China-Owned Gaming Group Playtika Eyes IPO After Sale Plan Collapses
Playtika Ltd., the Israeli online gaming company that was bought by a Chinese group three years ago, is seeking to list overseas after a plan to transfer the company to a Shenzhen-listed firm failed repeatedly, according to an announcement by the Shenzhen-listed company.
Shenzhen-listed Giant Network Group Co. Ltd. said it was abandoning a plan that would have seen it purchase Playtika from its current owner, an entity called Alpha Frontier Ltd., which is backed by a number of Chinese private equity investors. Giant cited Playtika’s plan to seek its own initial public offering (IPO) in an unspecified overseas market, according to the Monday filing.
Giant was formerly listed in New York, but later privatized and re-listed in Shenzhen in 2016 as part of a broader wave of Chinese firms making similar homecomings in search of higher valuations from domestic investors.
Just a half year after that re-listing, Giant Chairman Shi Yuzhu formed Alpha with several other investors to pay $4.4 billion for Playtika, a former unit of U.S. gambling giant Caesars Entertainment that specializes in social card games for mobile platforms. Shi originally aimed to have his listed Giant ultimately take over Playtika, but that plan ran into repeated difficulties.

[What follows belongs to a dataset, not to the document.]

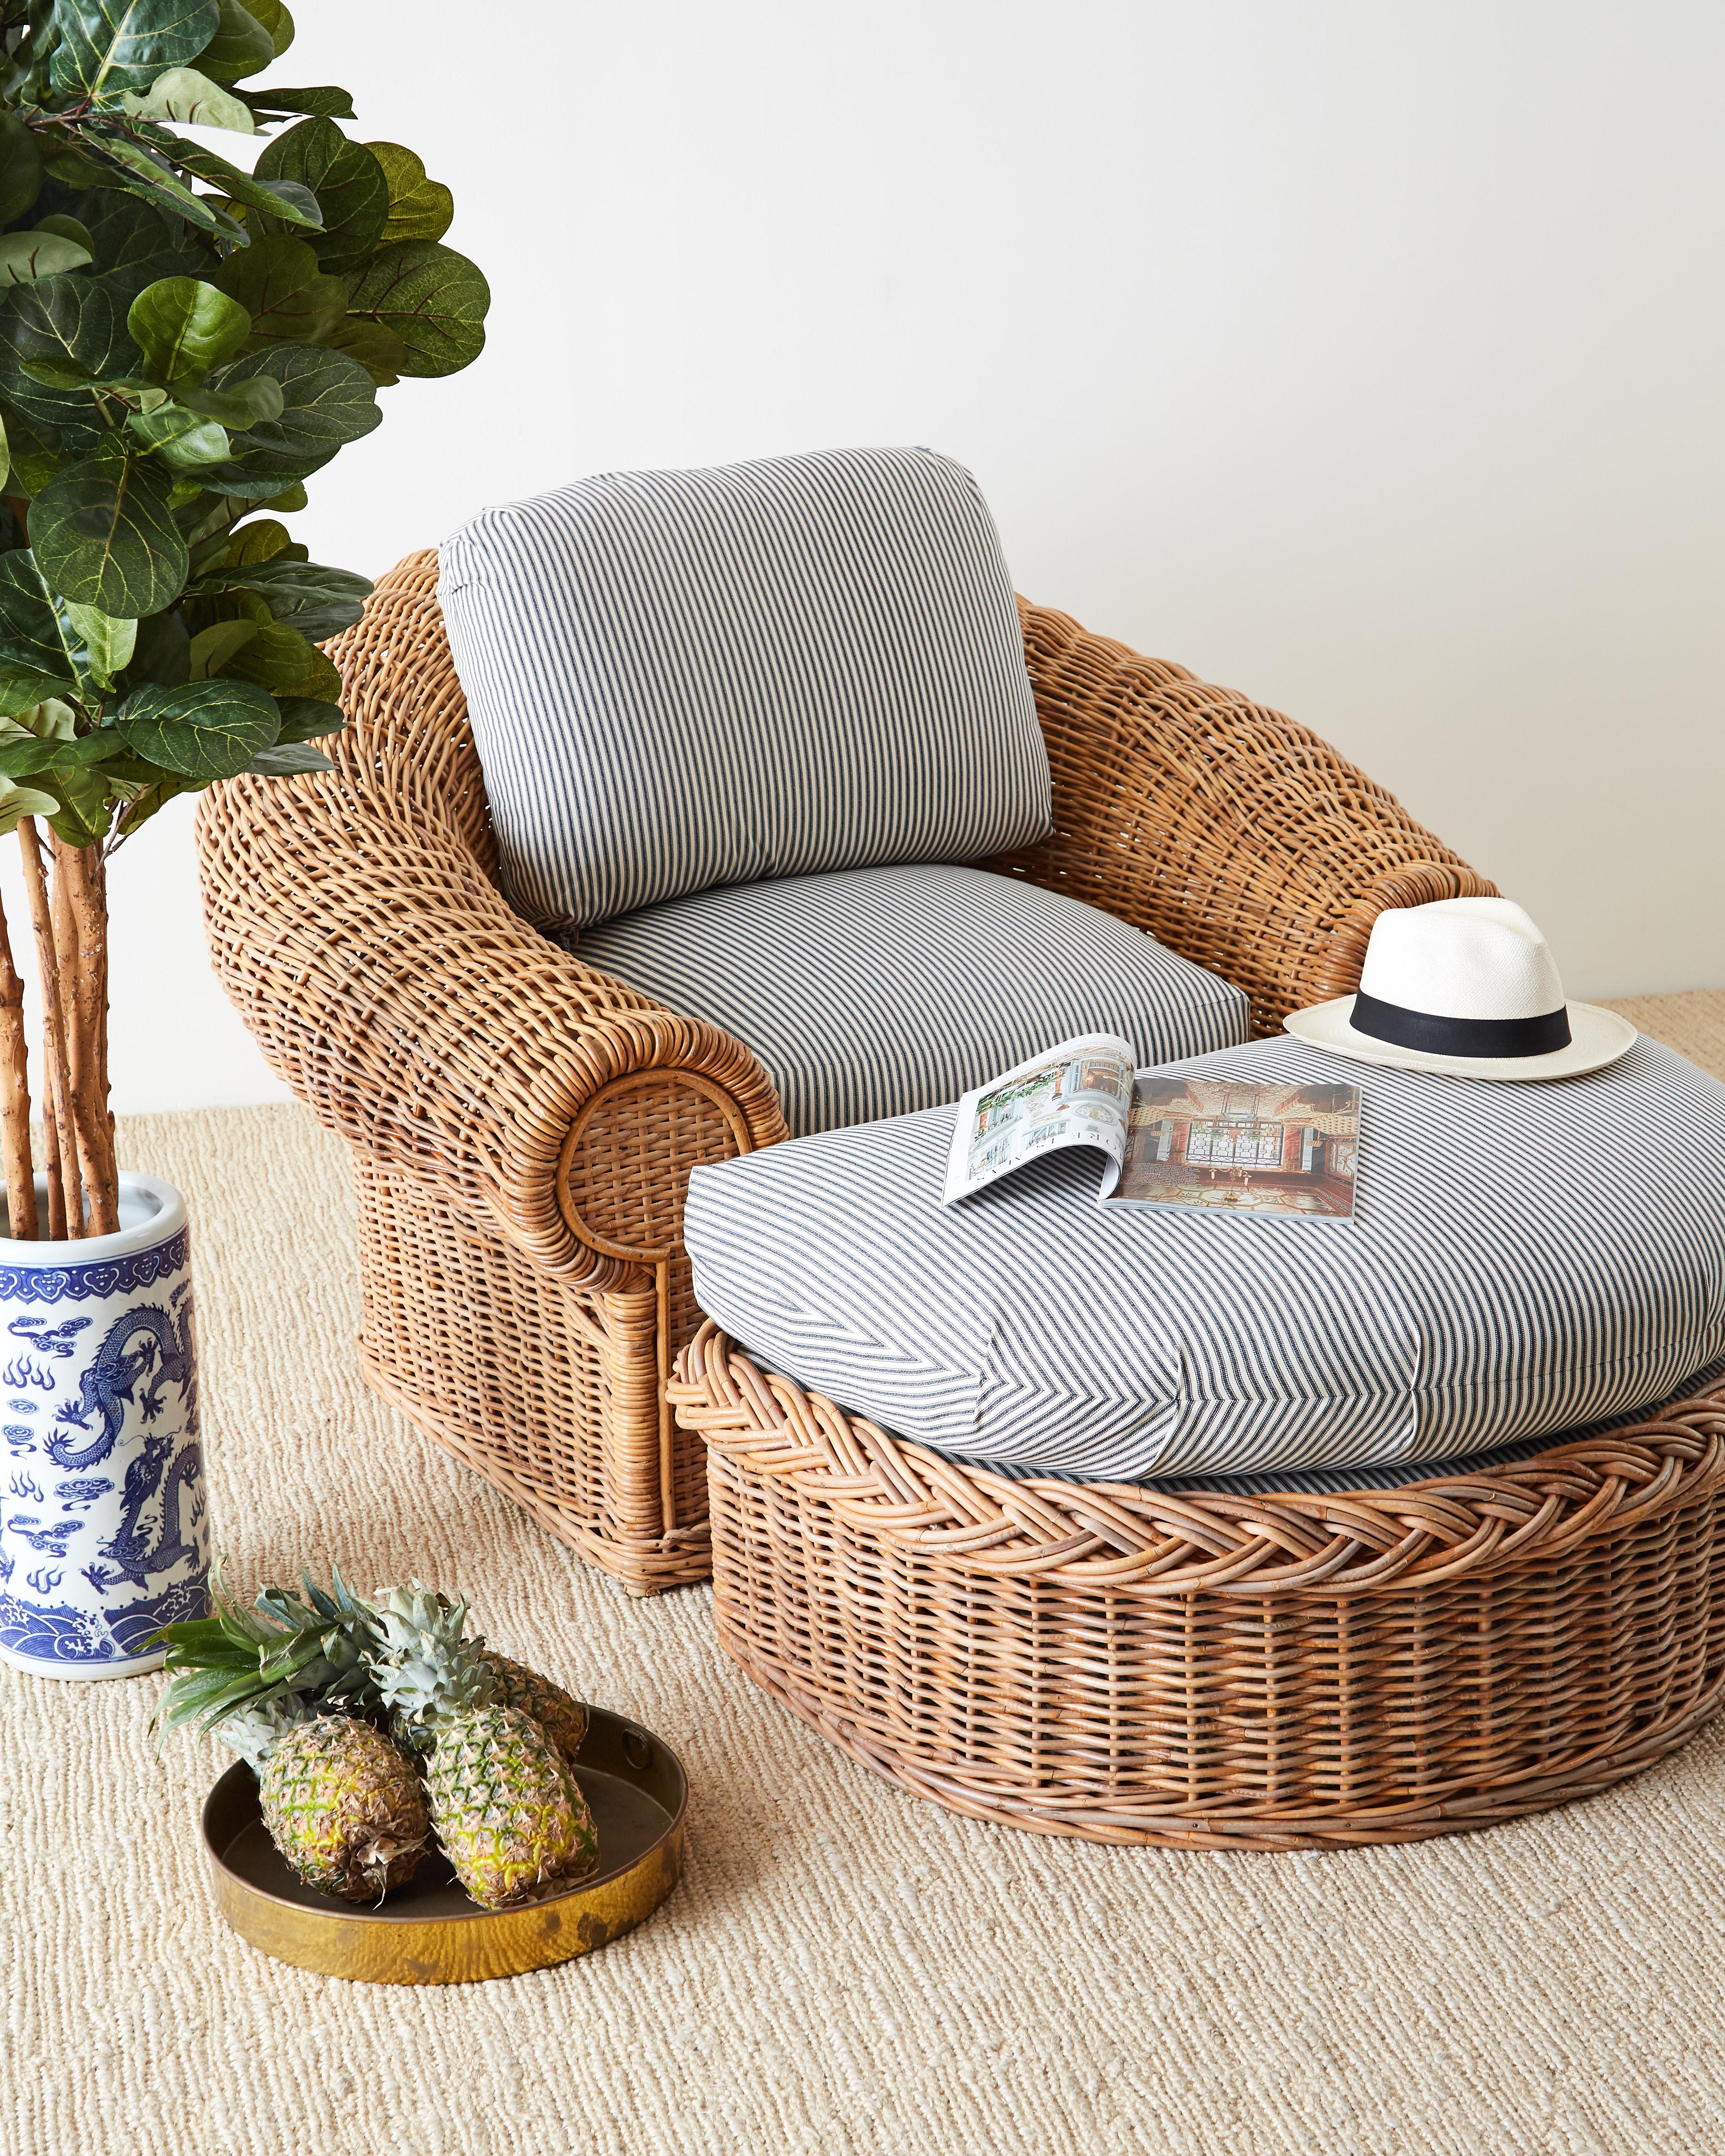 Large pair of stick wicker lounge chairs designed in the style of Michael Taylor. Two woven wicker covered frames and one demilune formed ottoman featuring newly upholstered French ticking stripe fabric in classic blue and white. These oversized

Shortly after Alpha was established, Giant launched its first attempt to buy Playtika in a 30.5 billion yuan ($4.3 billion) deal using a combination of new shares and cash. But that plan ran into headwinds after the stock exchange raised questions, and was abandoned two years later. About a year ago, Giant launched a second attempt that also valued Playtika at 30.5 billion yuan, using all new shares to pay. But again the deal was scuttled in July this year after the regulator raised questions, partly over the issue of whether Playtika was involved in gambling.
Giant announced a third attempt at the time it abandoned the second one, this time raising the value of the deal to between 40.5 billion yuan and 42.5 billion yuan. But that plan has now also been abandoned, according to the latest company announcement.
At the time the Alpha group was formed, Shi had made an agreement with the group’s other investors to buy back their shares if he was unable to complete the injection of Playtika or its assets into the listed Giant within 36 months, Caixin has previously reported.
A previous version of this story incorrectly characterized the regulator's response to Giant's proposed purchase of Playtika in July. The regulator raised questions about the deal.